Matt and I took the first steps yesterday towards an ambitious goal: TNF 50k in May. Lucky enough to live a short drive from the course, we find solace and quiet in the woods. Trudging through the snow and harsh winds up steep climbs we battle an internal dialogue. Anyone can crush the downhills while on a run. Momentum carries you easily and you float on effortlessly. Mentally you are relaxed and positive. However, like much in life, the uphills, and how you handle them, is what defines you as a runner and as a person. The moment your muscles start fatiguing, your heart rate is jacked, a battle in your head begins: "Do I slow down? Am I using my arms enough? Do I quit? This blows. I'm going to be dead for the rest of the run." Blocking this inner dialogue out and reaching the top at an even pace, unphased, is what defines your character. Life is defined by the uphills and the more you climb, the more prepared you are for next one.

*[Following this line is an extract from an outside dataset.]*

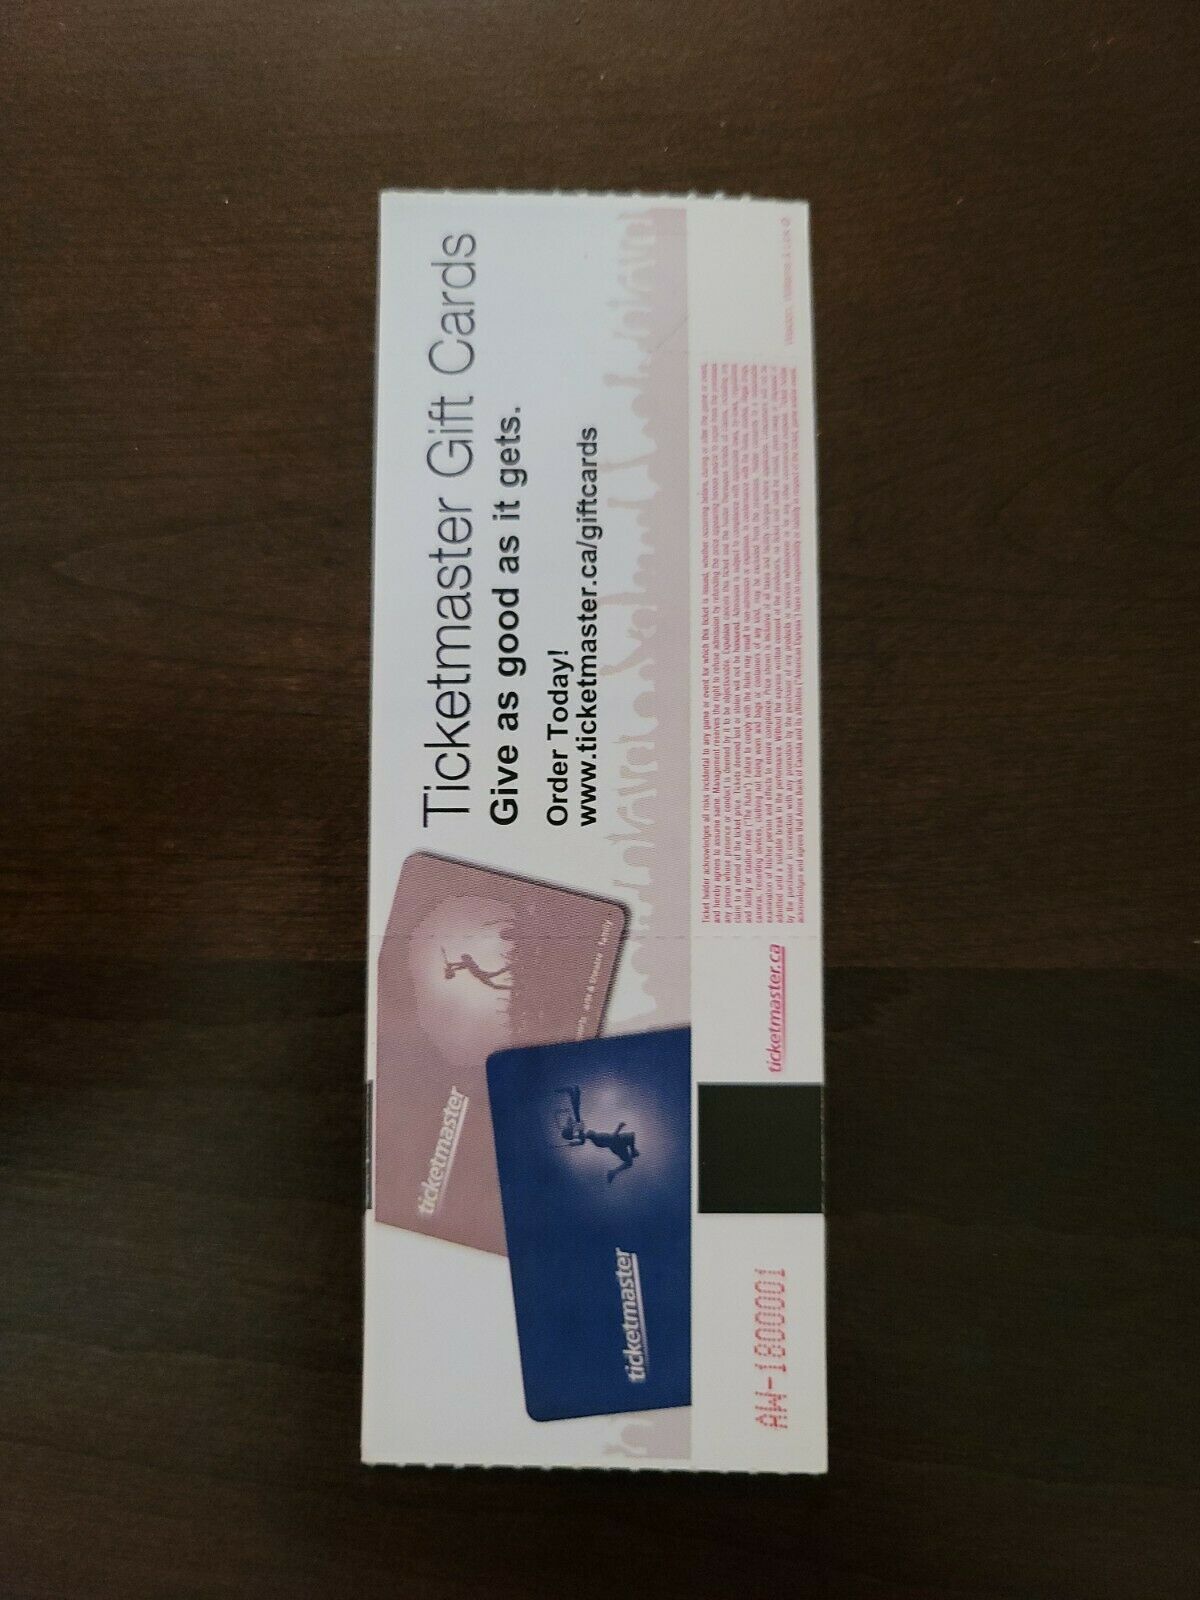 Justin Bieber 2017, Toronto Rogers Centre Original Concert Ticket Stub

Saturday, January 25, 2014

Why I Run.

Running cements me in the present moment.  It brings me back to a simple, natural almost animal-like existence, something I believe we (human beings) all crave quite desperately, if only subconsciously.  For me, each footfall shakes off the weighty tarnish of the everyday.  When I am running I can feel myself shedding stresses, anxieties, judgements.  Running dissolves life's rust, and leaves me mentally and physically clear, open and flexible.   Running gives my day purpose, if it is all I have done in the day, then so be it, I feel fulfilled. I also believe that running makes me a better person.  A morning run places my day on a solid foundation, fostering patience and acceptance.  I believe human beings evolved to run, to run far and to run consistently.  Any doubts I may have on this are always quickly dismantled and dissolved whenever I find myself accelerating on a winding, tree swallowed, single track.

"Running has always been a relief and a sanctuary—something that makes me feel good, both physically and mentally. For me it's not so much about the health benefits. Those are great, but I believe that the best thing about running is the joy it brings to life."- KG




Tuesday, January 21, 2014

Half Recollections from the Trail


…too tired and dehydrated to care we all polished off another liter of sketchily treated back spring water from our Nalgenes. The last 15 miles were a blur. What mile were we on now? 38? 43? Does it even matter? My mind had started blurring the lines between the conscious and subconscious. I was cleanly out of the “zone”. We were now going 3 or 4 hour sections without saying a single word to each other. We didn’t need to. Every once in a while Matt or Sed would utter something unintelligible, either because my mind couldn’t process their words or because their minds couldn’t process their speech.

“Why have we been walking through this stream for the last hour?”

“We haven’t.”

Mild hallucinations creep into our vision. I shake my head; the dirt single track comes back into view. I steal a glance at my watch.. It’s 1:35pm. We’ve been hard on the trail for some 13 hours. We push ideas of cold water and a soft bed out of our heads. The most rested person on the team is myself; I’ve only been awake for 33 hours. I think to myself, “how are these guys pushing this hard, this late? they’ve been up for nearly 40 hours now...”

I fade back into that washed out timeless headspace and put another step down in front of me.